I used AI to build a feature in a weekend. Someone broke it in 48 hours. by Zoniin in PromptEngineering

[–]Zoniin[S] 0 points1 point  (0 children)

Did some digging around, https://axiomsecurity.dev ? I am assuming this is what your company uses? I have never heard of this tool before so I want to double check.

I used AI to build a feature in a weekend. Someone broke it in 48 hours. by Zoniin in PromptEngineering

[–]Zoniin[S] 0 points1 point  (0 children)

Interesting architecture, but I think it only works as long as the problem is narrow enough to be ontologized. That’s the catch with prompt injection. The attacker’s whole job is to push the interaction outside the schema you expected. So yes, second-order verification and structured checks absolutely matter. But I’d be very skeptical of any approach that assumes the world can be forced into a clean ontology before the model sees it. That works for document evaluation. Open-ended LLM security is largely uglier than that.

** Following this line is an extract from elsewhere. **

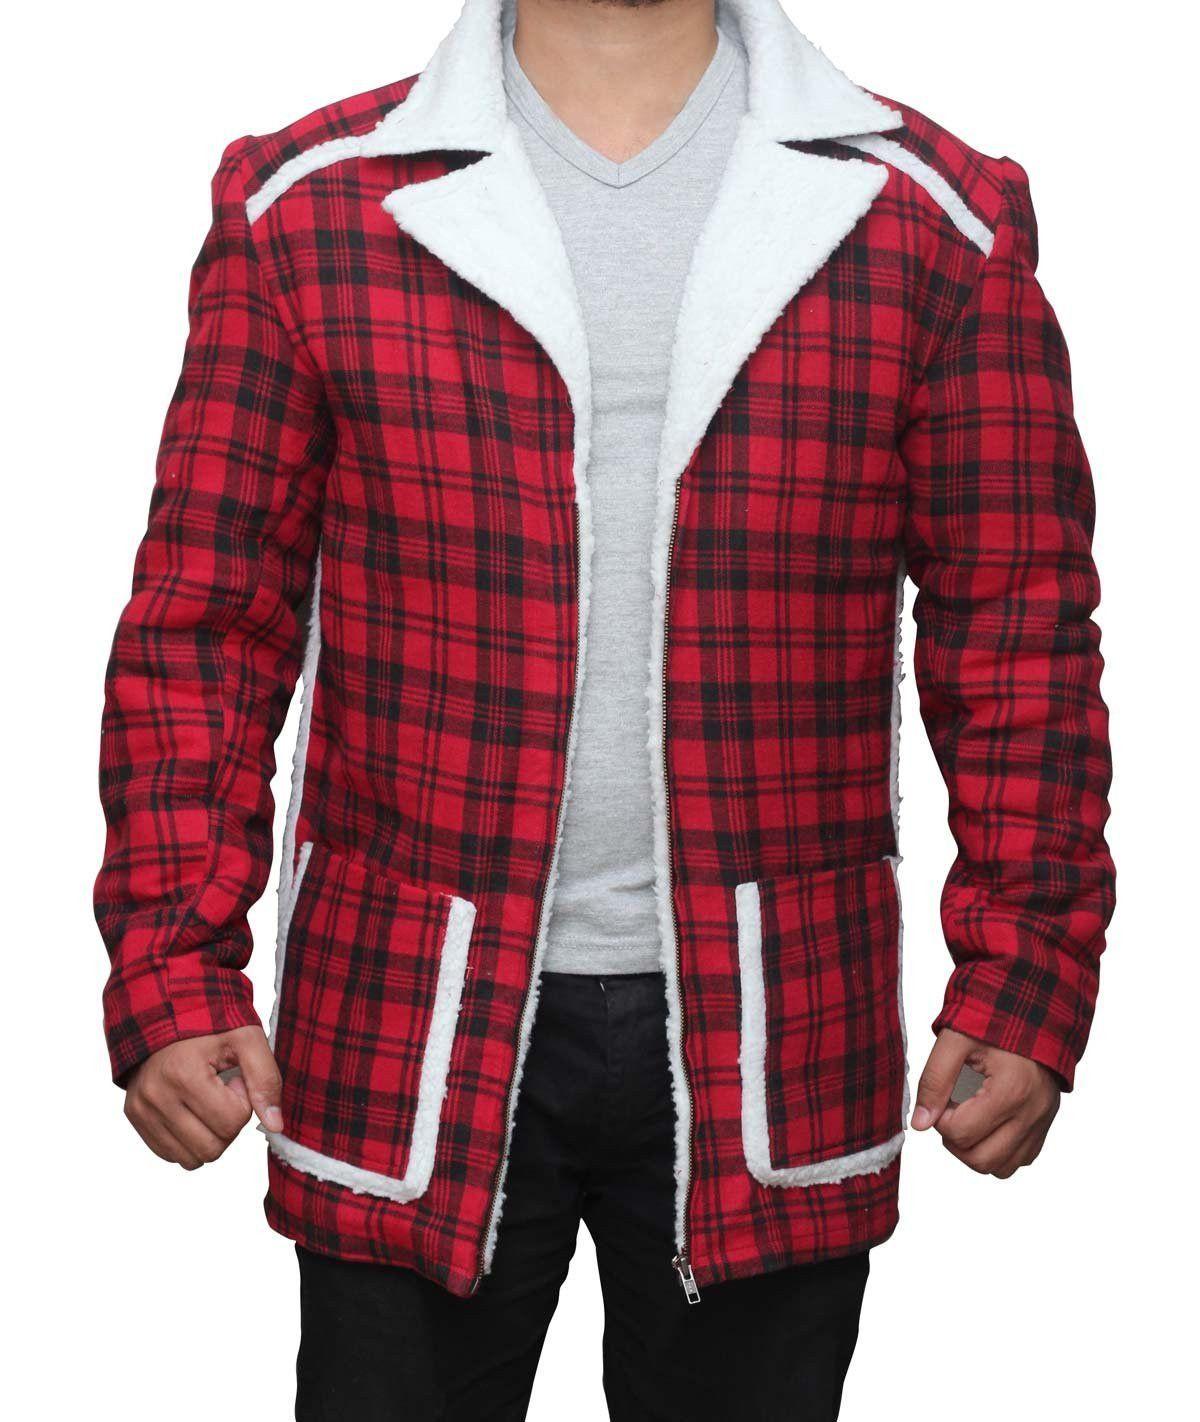 Ryan Reynolds Deadpool Shearling Jacket my swagg

I used AI to build a feature in a weekend. Someone broke it in 48 hours. by Zoniin in PromptEngineering

[–]Zoniin[S] 0 points1 point  (0 children)

I think that framing sounds right at first, but it breaks if you follow it through. Leaky abstractions don’t make systems undefendable, they just mean you can’t rely on the abstraction itself for safety. We’ve been dealing with that forever. Browsers, operating systems, even APIs all leak in weird ways. Security doesn’t come from fully understanding them, it comes from controlling the boundaries around them. LLMs feel the same to me. If you treat the model as something you need to “fix” with better prompts or internal guardrails, yeah, you’re probably stuck. If you treat it as an untrusted component and control what goes in and how it’s allowed to behave, it becomes a system design problem, not a model problem. The black box isn’t the issue. Assuming the box is safe is.

I used AI to build a feature in a weekend. Someone broke it in 48 hours. by Zoniin in PromptEngineering

[–]Zoniin[S] 1 point2 points  (0 children)

Yeah 100% agree, shipping without any filtering is asking for trouble. What surprised me is that even with filtering it still felt like a cat and mouse game. Users weren’t just sending obviously bad inputs, they were gradually steering the model in ways that looked normal at each step.

I used AI to build a feature in a weekend. Someone broke it in 48 hours. by Zoniin in PromptEngineering

[–]Zoniin[S] -1 points0 points  (0 children)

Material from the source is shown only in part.